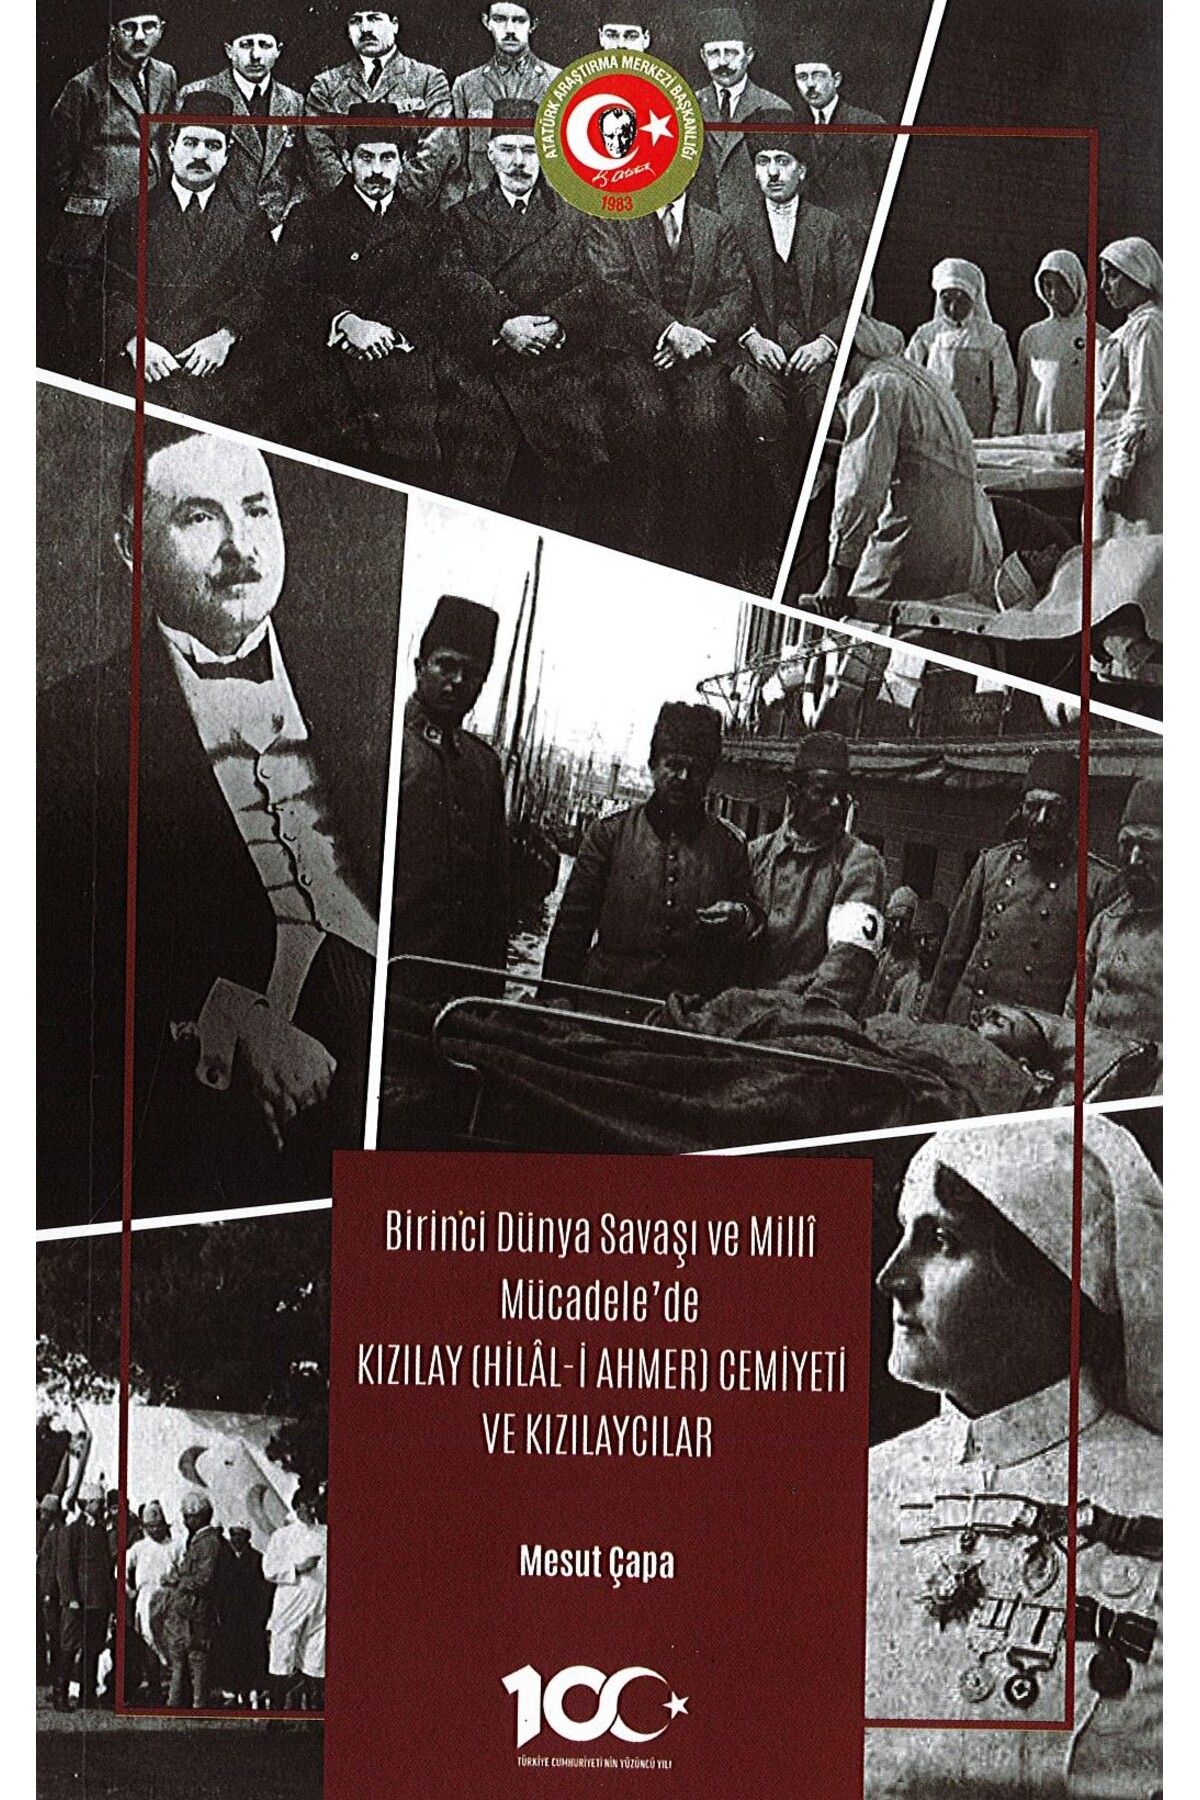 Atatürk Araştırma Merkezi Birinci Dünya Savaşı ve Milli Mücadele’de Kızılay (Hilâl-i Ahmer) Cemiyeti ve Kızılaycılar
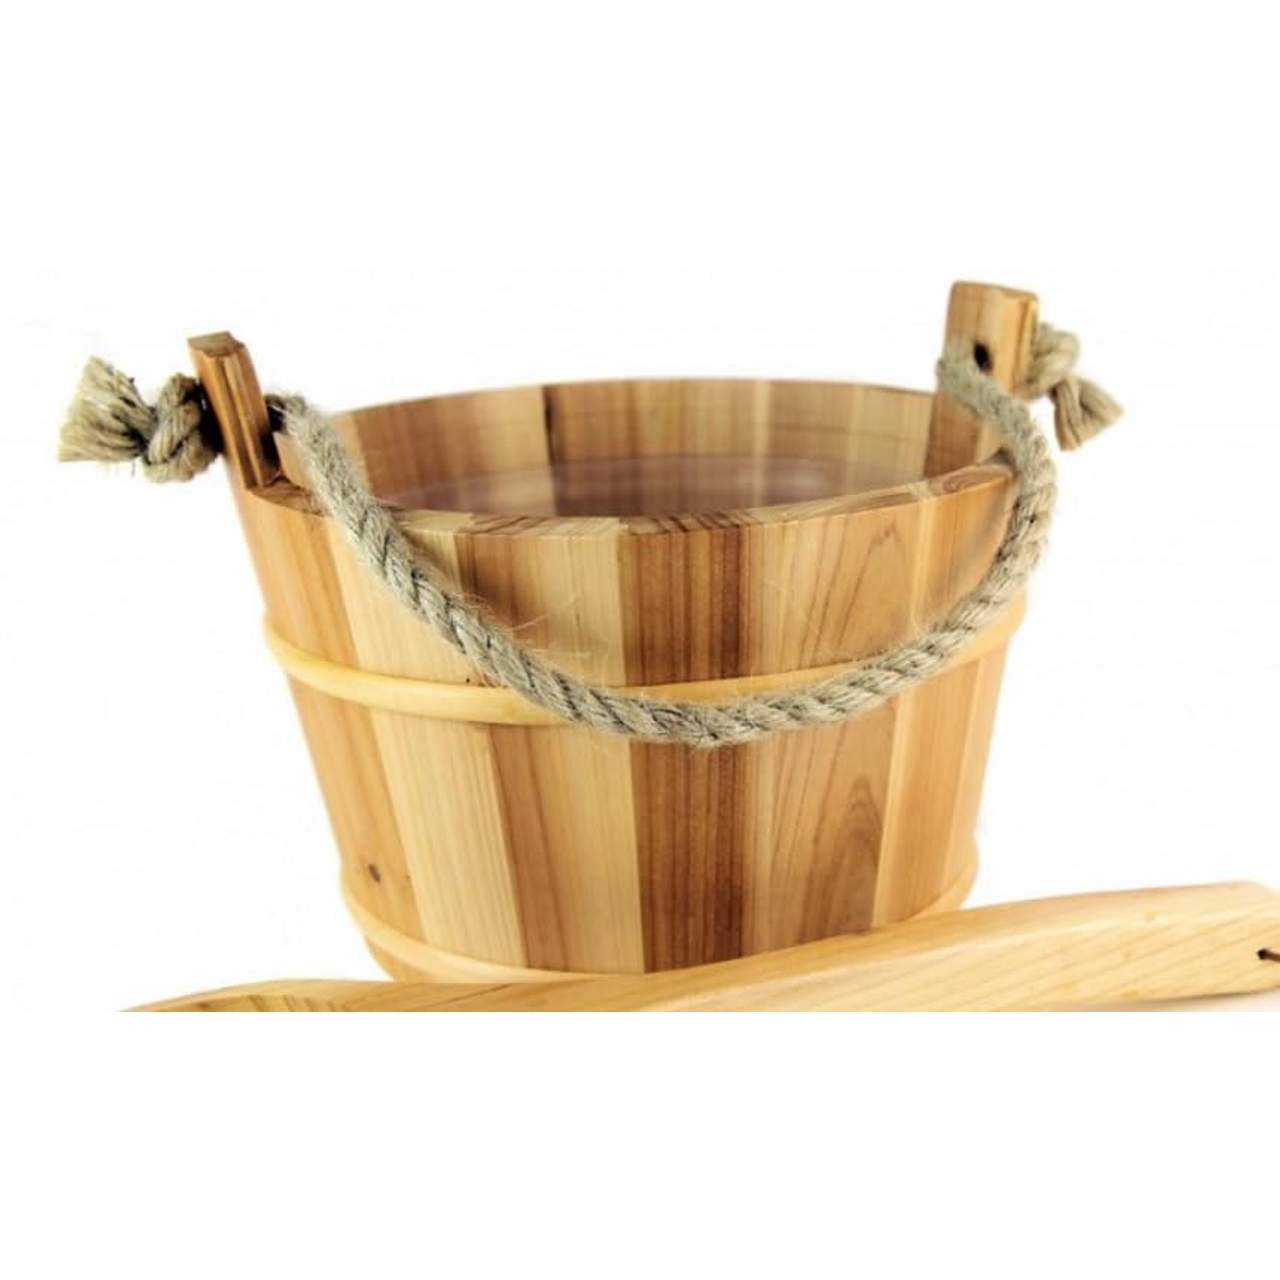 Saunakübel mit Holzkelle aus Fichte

.....

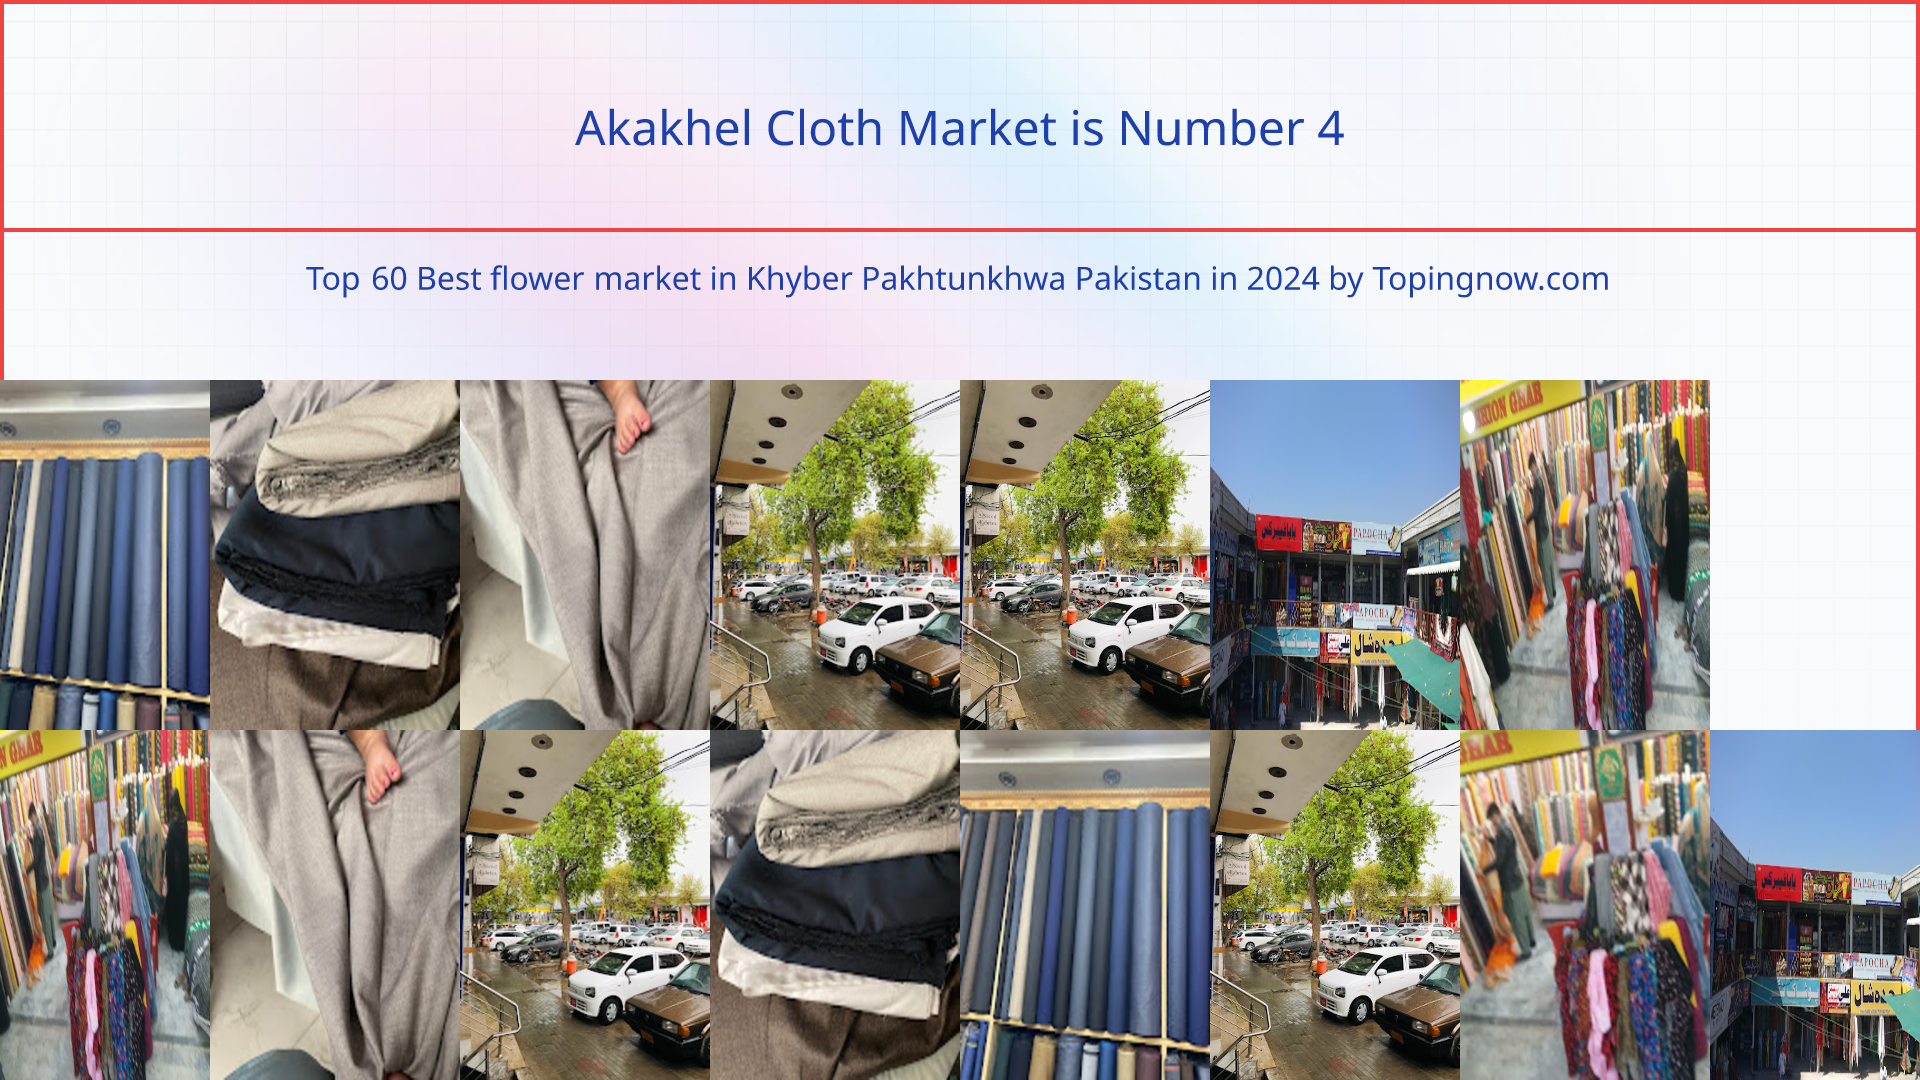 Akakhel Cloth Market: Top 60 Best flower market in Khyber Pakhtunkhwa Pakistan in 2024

.....

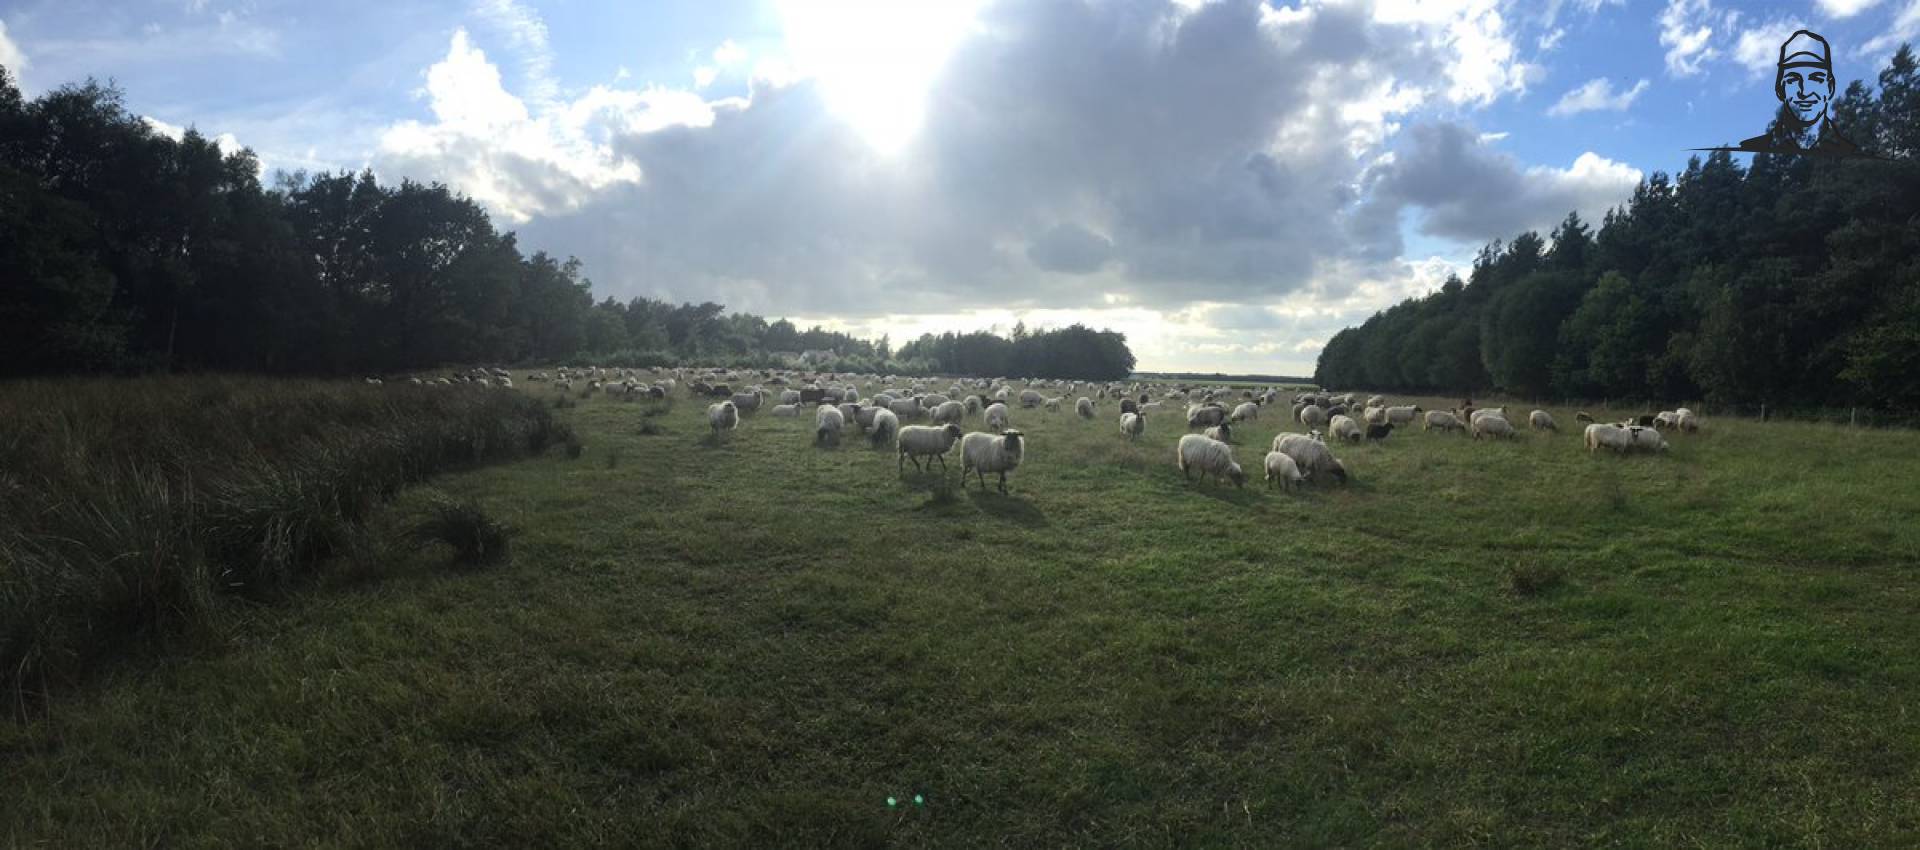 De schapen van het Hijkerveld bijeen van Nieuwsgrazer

.....

- Exercise instructions: What to print is the stretch of entries from the line with "Atatürk Araştırma Merkezi" up to and including the line with "Saunakübel mit Holzkelle aus Fichte". Please print it exactly and leave out the pictures.

- Response:
 Atatürk Araştırma Merkezi Birinci Dünya Savaşı ve Milli Mücadele’de Kızılay (Hilâl-i Ahmer) Cemiyeti ve Kızılaycılar
 Saunakübel mit Holzkelle aus Fichte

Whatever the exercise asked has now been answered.